4. Weak Software /Firmware /Malware
The inability of a device to be updated periodically poses a security weakness of its own kind. Devices should have the necessary capability to be updated or self-update when vulnerabilities are discovered. The software/firmware updates can be rendered ineffective and deemed insecure when the updated files and the network connection they are delivered on are not protected. They can also be insecure if they contain hardcoded sensitive data such as credentials. The inability of software/firmware being updated means that the devices remain vulnerable indefinitely to the security issue that an update was meant to address and fix. Furthermore, if the devices have on them some or any form of hardcoded sensitive credentials, and if these credentials see the light of day, they then obviously remain insecure for an indefinite period of time, till they are updated once again.
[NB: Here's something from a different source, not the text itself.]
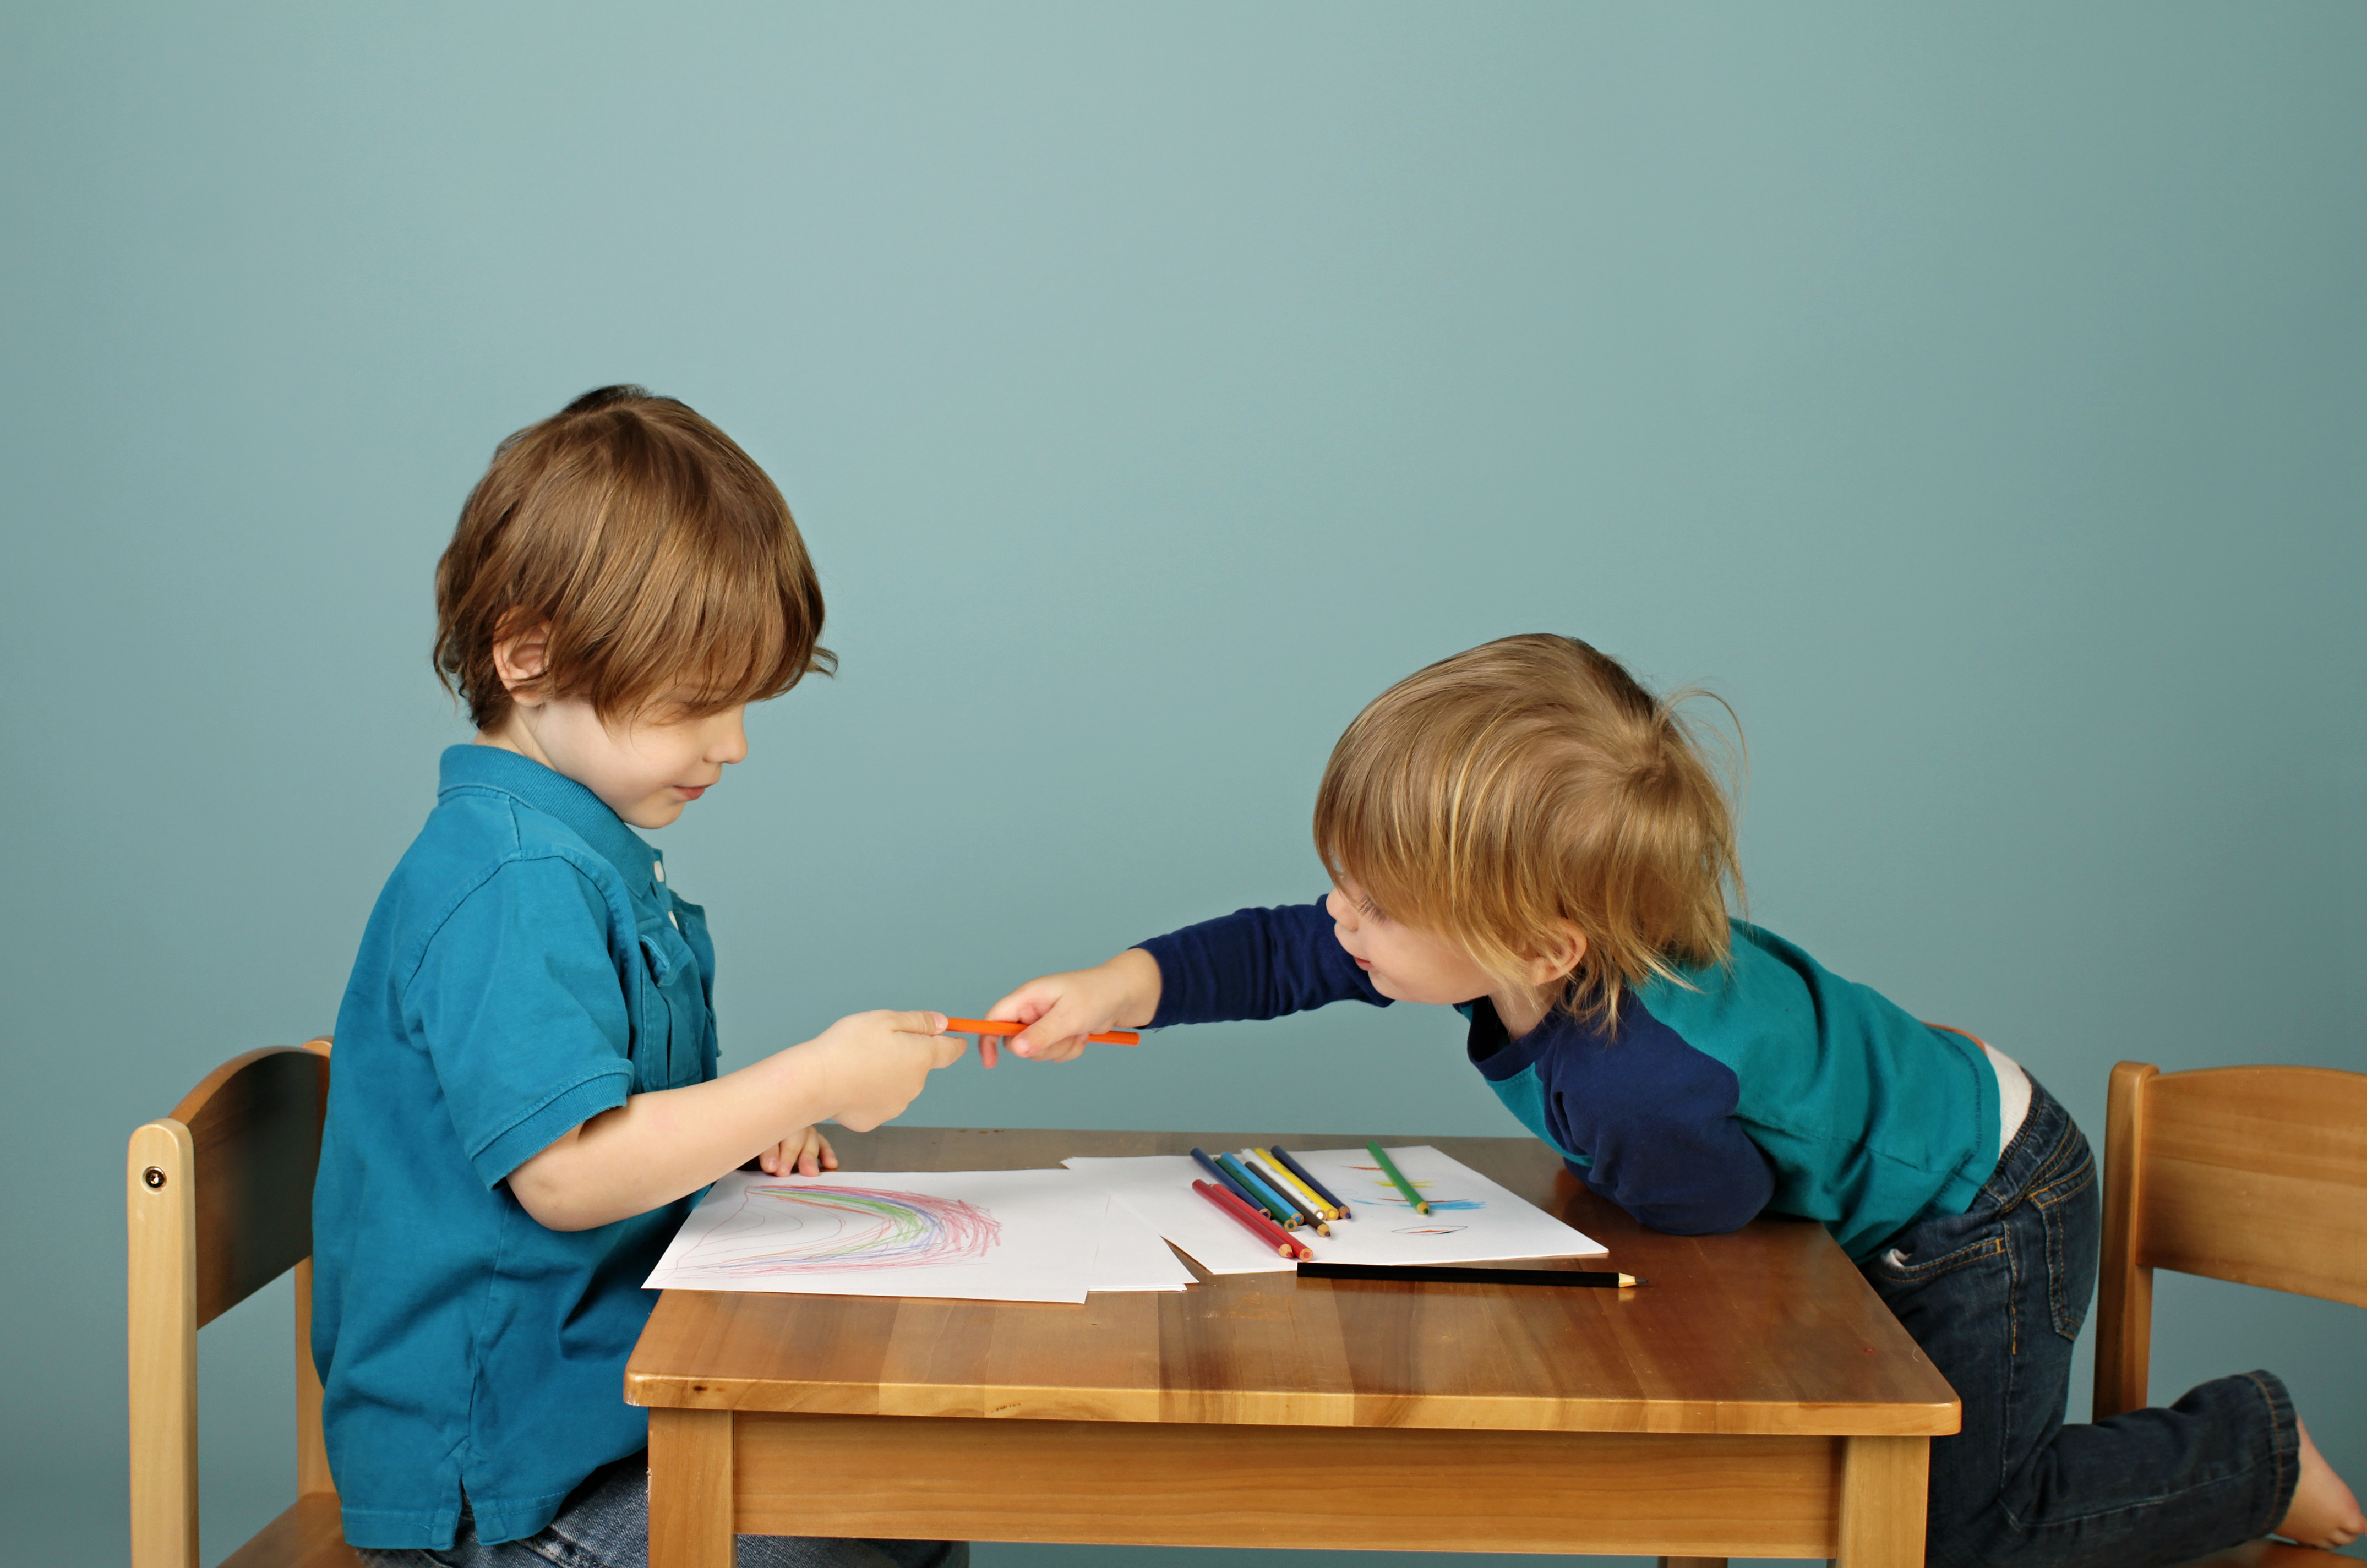 Teach Kids How To Share image of two boys sharing colored pencils while drawing.

The scenario that leads to such an occurrence could be as simple as that encryption not used to fetch updates, or perhaps the update was not verified before uploading the same. In some cases, you could also have firmware containing sensitive information leading to a weak front.
Solutions
When faced with weak front issues, one can strengthen the same by ensuring that the device has the ability to update, which is of critical importance. You should always ensure that the update file is encrypted using acceptable encryption methods only. An encrypted connection to transmit an updated file also goes a long way in securing oneself against such threats and that the update file does not expose sensitive data and also that the update is signed and verified before allowing the update to be uploaded and applied to the smart device or its components, doing all this through an updated secure server cloud or otherwise.
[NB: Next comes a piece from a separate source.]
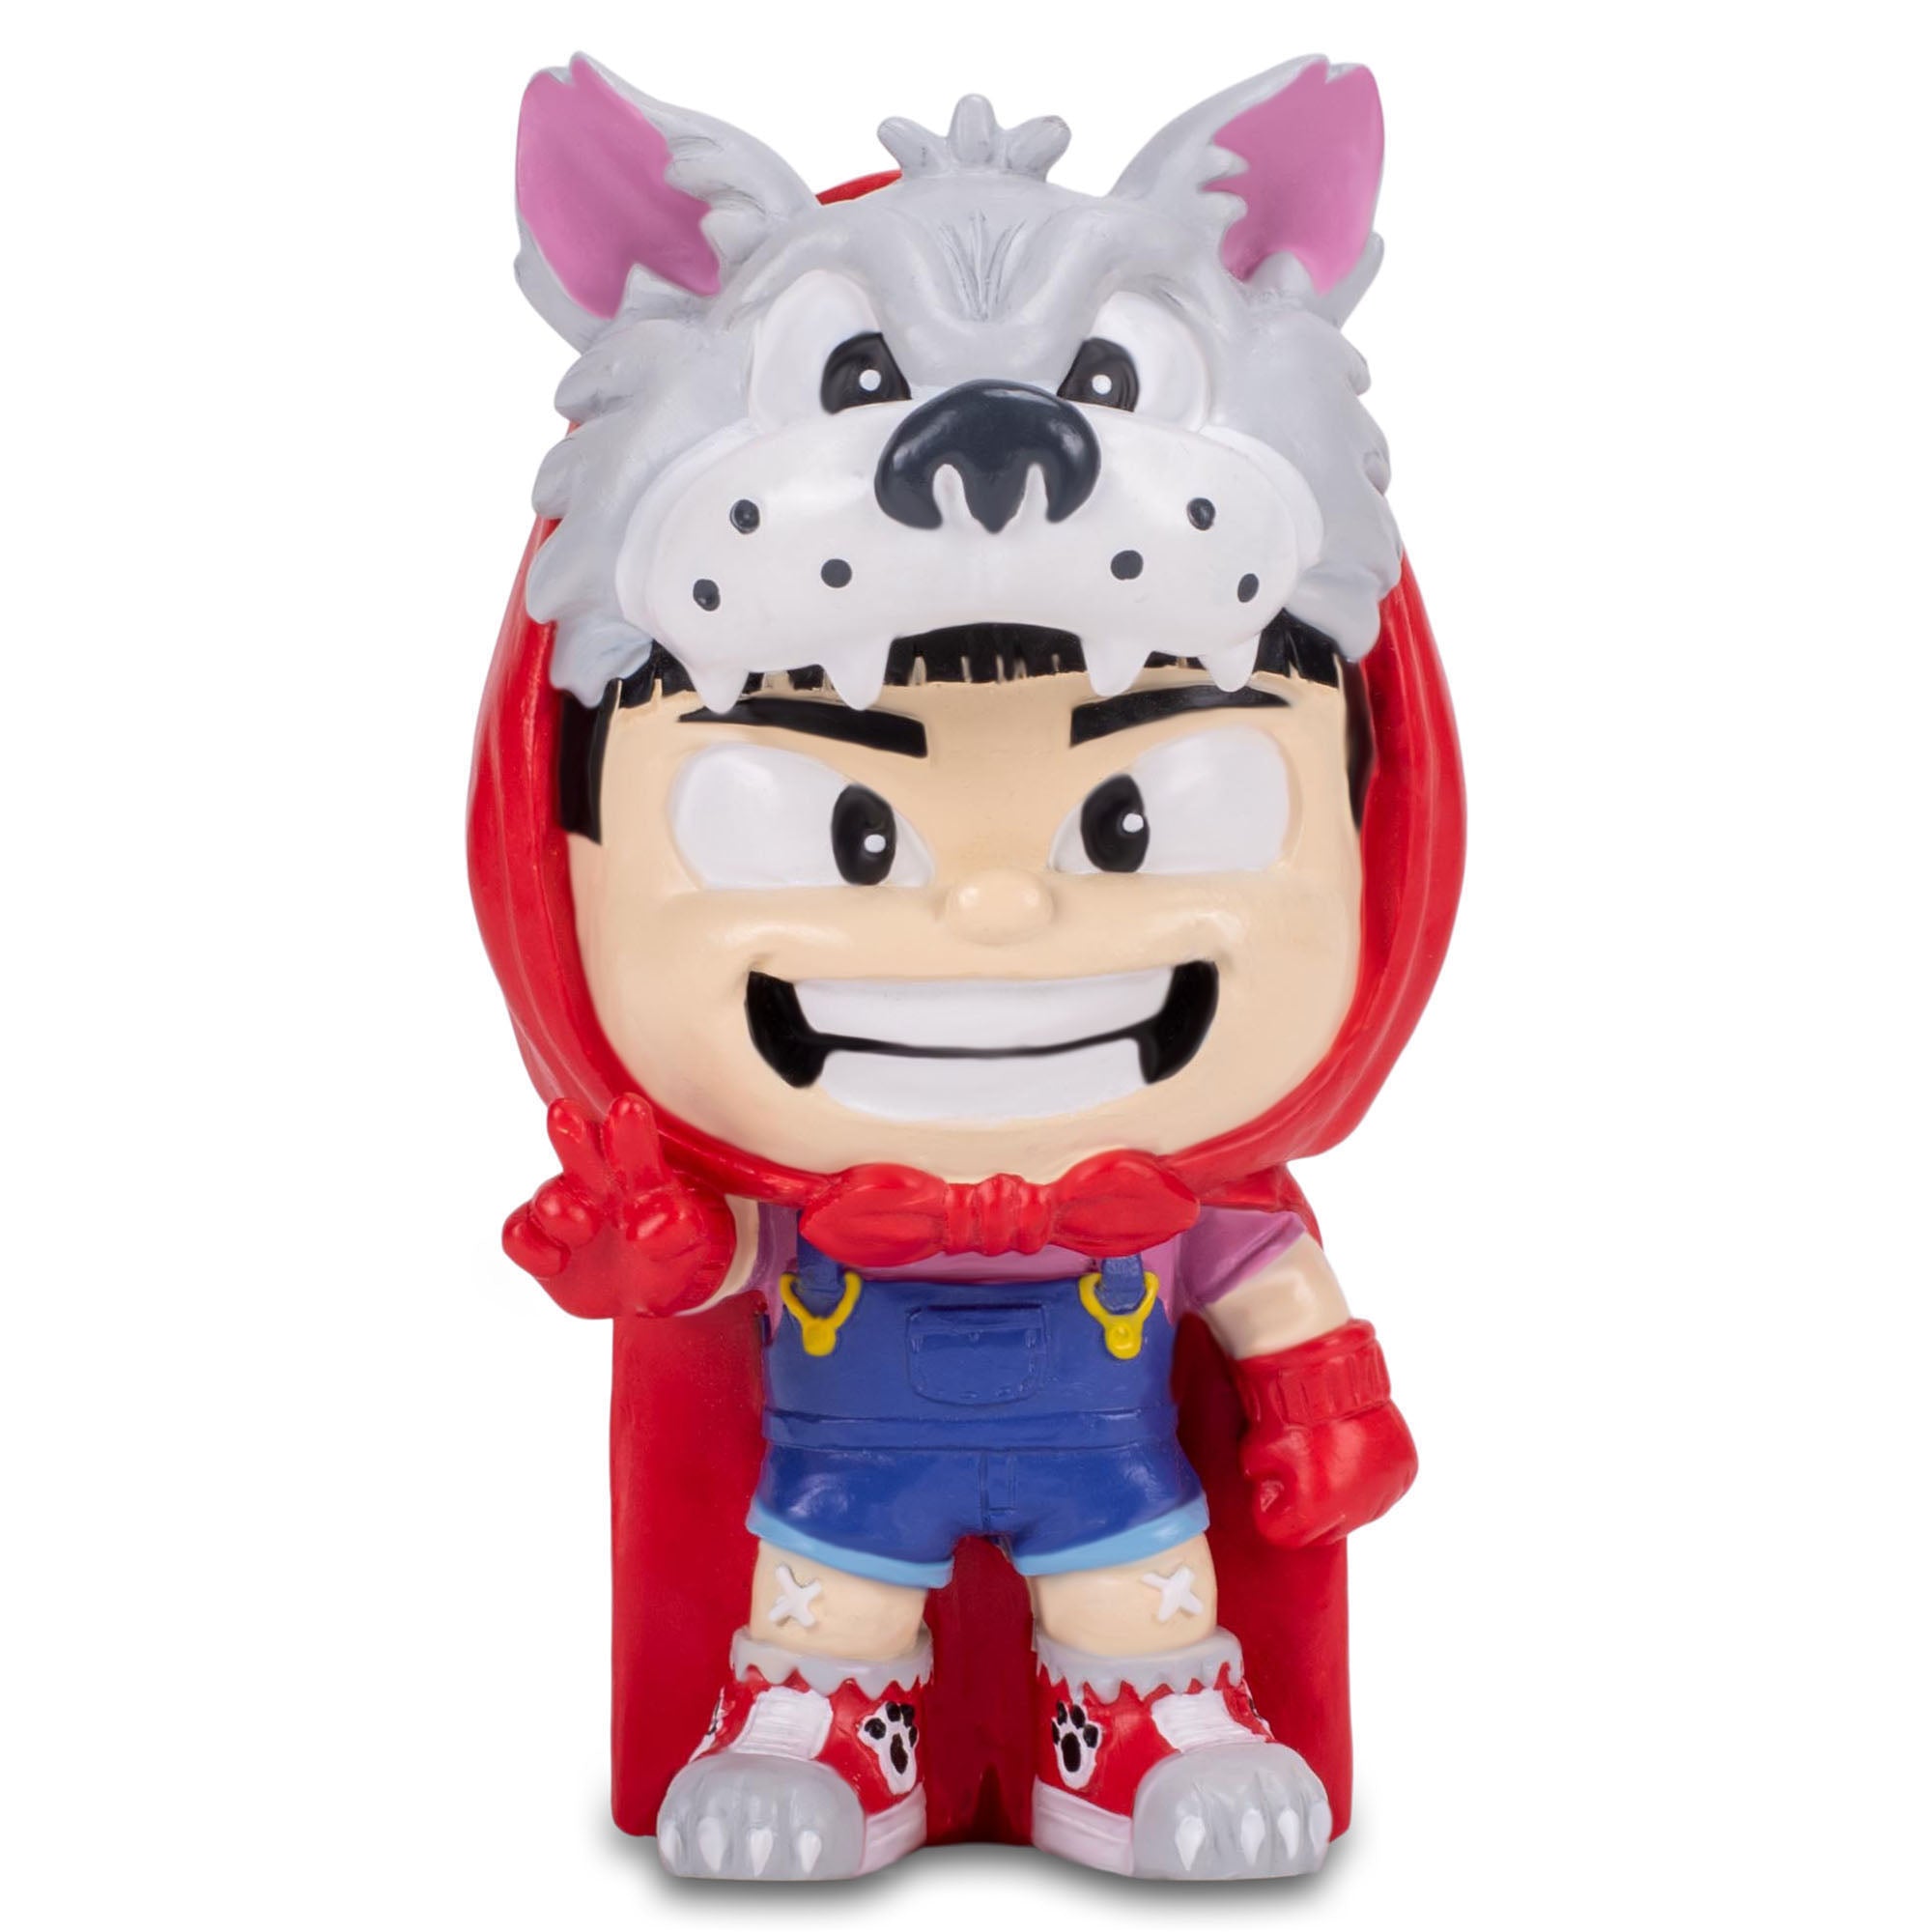 Front angle of folk lore character, Little Red Riding Hood, action figure with wolf hat and candy apple red cape.

As for IoT, it has just arrived with all the fanfare and is certainly here to stay. Gartner predicts, that by 2020, the Internet of Things will be made up of 26 billion “units.” And while having said that all the countermeasure or control and mitigation mechanisms will amount to nothing if the manufactures of IoT devices do not take them into consideration while designing of installing their wares. While dealing with IoT a few things like conducting a periodic security review of your devices to determine any vulnerabilities or weak links in the system and document the implementation of the minimum security standards for all devices and one can never understate the vitality of ensuring security right as an integral part in the process of product development right at its drawing board stage so that security is embedded at the heart of all technologies developed henceforth.